O ser se diz (se afirma) da identidade, ou da diferença?


Problema filosófico levantado pelos filósofos pré-socráticos
Parmênides e Heráclito.

Parmênides: pensador da unidade, identidade, imobilidade e permanência do SER.


- Conhecer é chegar à essência, à identidade do Ser, ou seja, à sua verdade.
- O ser é (o ser) – princípio de identidade (a = a);
- Se o ser é, ele pode ser pensado e dito.
- Se o ser é, o seu contrário, não-ser, não é (princípio de não-contradição);
- Se o não-ser não é, ele não pode ser pensado e nem dito.
- Lei fundamental do pensamento verdadeiro (é oposta à dóxa, opinião);
- Ontologia: Identidade entre ser, pensar e dizer, isto é, entre mundo, pensamento e
linguagem;
- O ser é uno, permanece sempre idêntico a si mesmo e é imóvel.
- O movimento é o campo principal da aparência e da dóxa (opinião). Por isso ele é
desqualificado por Parmênides. O devir é aparência mutável, é o não-ser.

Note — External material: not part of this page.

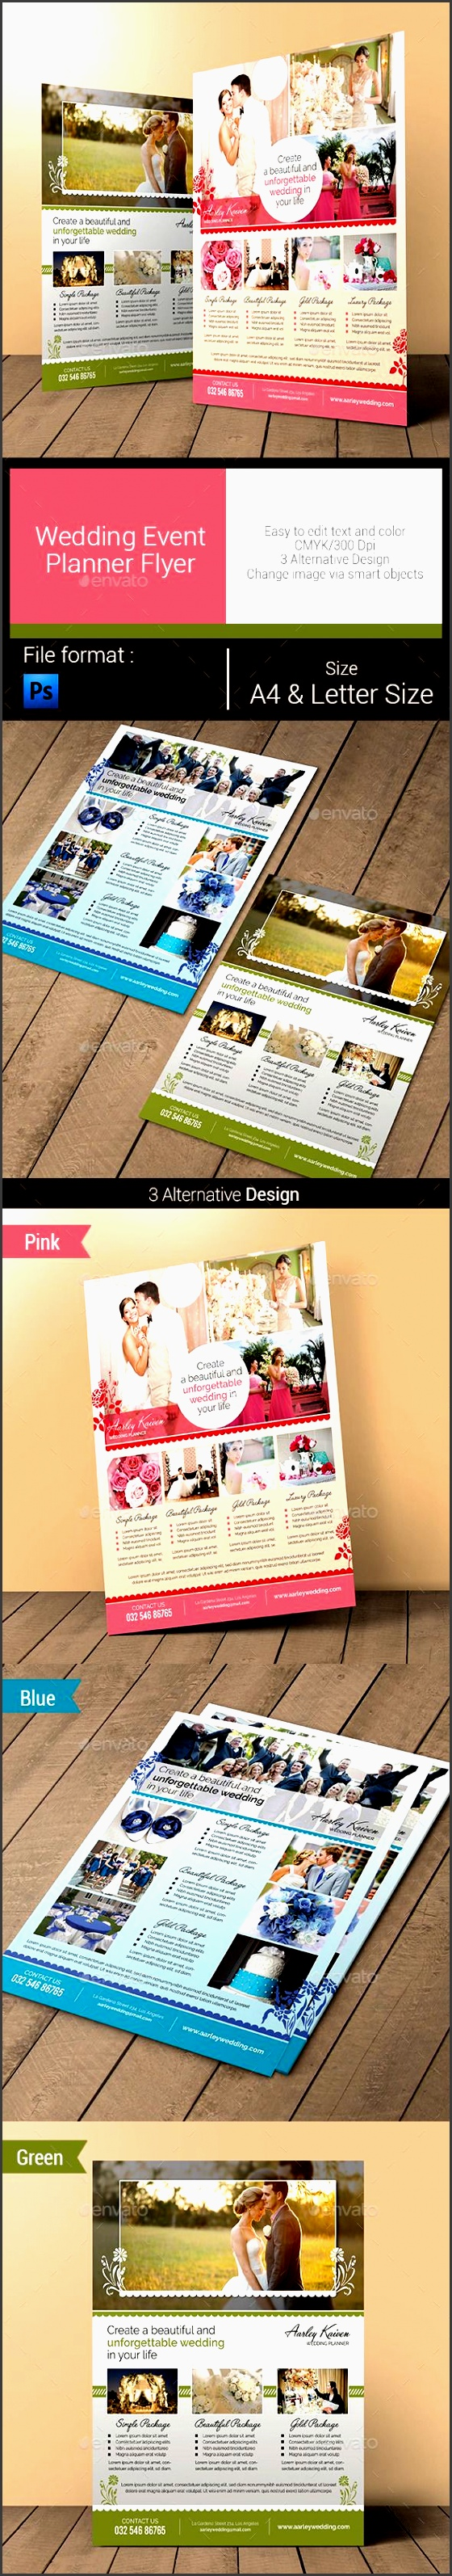 wedding event planner flyer corporate flyers

Heráclito: pensador da diferença, das multiplicidades e do devir.


- Conhecer é interpretar (decifrar) signos.
- A verdade é a alétheia, ou o que se (des)oculta por meio de sinais (“A natureza ama
esconder-se”, isto é, ama jogar um jogo onde ora ela se oculta, ora se desoculta em
face do filósofo).
- O que ou quem emite esses sinais? O logos (pensamento, palavra, razão ou linguagem
cósmicos, naturais).
- O que diz e ensina o lógos a Heráclito?
a) O mundo como devir eterno (O mundo é mudança contínua e incessante de todas
as coisas. Nada permanece idêntico a si mesmo. A permanência é uma ilusão. O
movimento, portanto, é a realidade verdadeira – fragmento do rio);
b) A luta dos contrários - a guerra é o rei e o pai de todas as coisas: “a guerra é a
comunidade”, isto é, a guerra é o que põe as coisas juntas para formar um mundo
em comum. Assim, a luta dos contrários é harmonia e justiça. A realidade é
inquieta e móvel, tensa, concordante justamente porque discordante;
c) “Tudo é um”: a unidade primordial não se confunde com a multiplicidade nascida
dela. A unidade primordial é múltipla, o um existe múltiplo, é múltiplo. A
multiplicidade tensa, contraditória ou em luta é a unidade e a comunidade de
todas as coisas. Outra maneira de expressar isso é dizer que o uno devém múltiplo.

Observação:
O conflito entre as formulações de Heráclito e de Parmênides não foi resolvido/superado
a contento pelos demais filósofos pré-socráticos que lhes sucederam, cabendo a Platão e
a Aristóteles, posteriormente, o desafio de tentarem encontrar uma maneira de a filosofia
conseguir pensar o que Parmênides considerava como “não-ser” (a diferença, o devir e o
múltiplo), ou seja, essas três coisas que entram em choque com os princípios
parmenidianos de identidade e de não-contradição.
Platão não teve sucesso nesse desafio, mas Aristóteles tornou possível pensar a diferença
submetendo-a ao conceito de identidade. Com isso produziu-se uma diferença
domesticada, uma diferença esvaziada de sua alteridade radical e de sua
intempestividade, em suma, uma diferença identitária.
Com isso, se deu também origem ao que o filósofo Gilles Deleuze chama de
representação clássica, um modelo ou imagem de pensamento, ou uma forma de pensar
fundamentados no conceito de identidade, na recognição/reconhecimento e na repetição
do mesmo, do igual, do semelhante. Dessa forma, pensar se torna representar, e isso só é
possível com o auxílio do conceito de identidade.
Com Sócrates, Platão, mas, sobretudo, com Aristóteles e, depois, com o Cristianismo (uma
espécie de “platonismo aplicado ao povo”, como dizia Nietzsche), o pensamento já não
tem mais como tarefa afirmar a vida (como no tempo dos pré-socráticos); ele, desde
então, passou a policiar e a julgar a vida (fundamentando-se, para tanto, em valores
supostamente eternos, superiores, imutáveis, abstratos, universais e transcendentes: o
Bem, a Verdade, a Justiça, o Belo etc.).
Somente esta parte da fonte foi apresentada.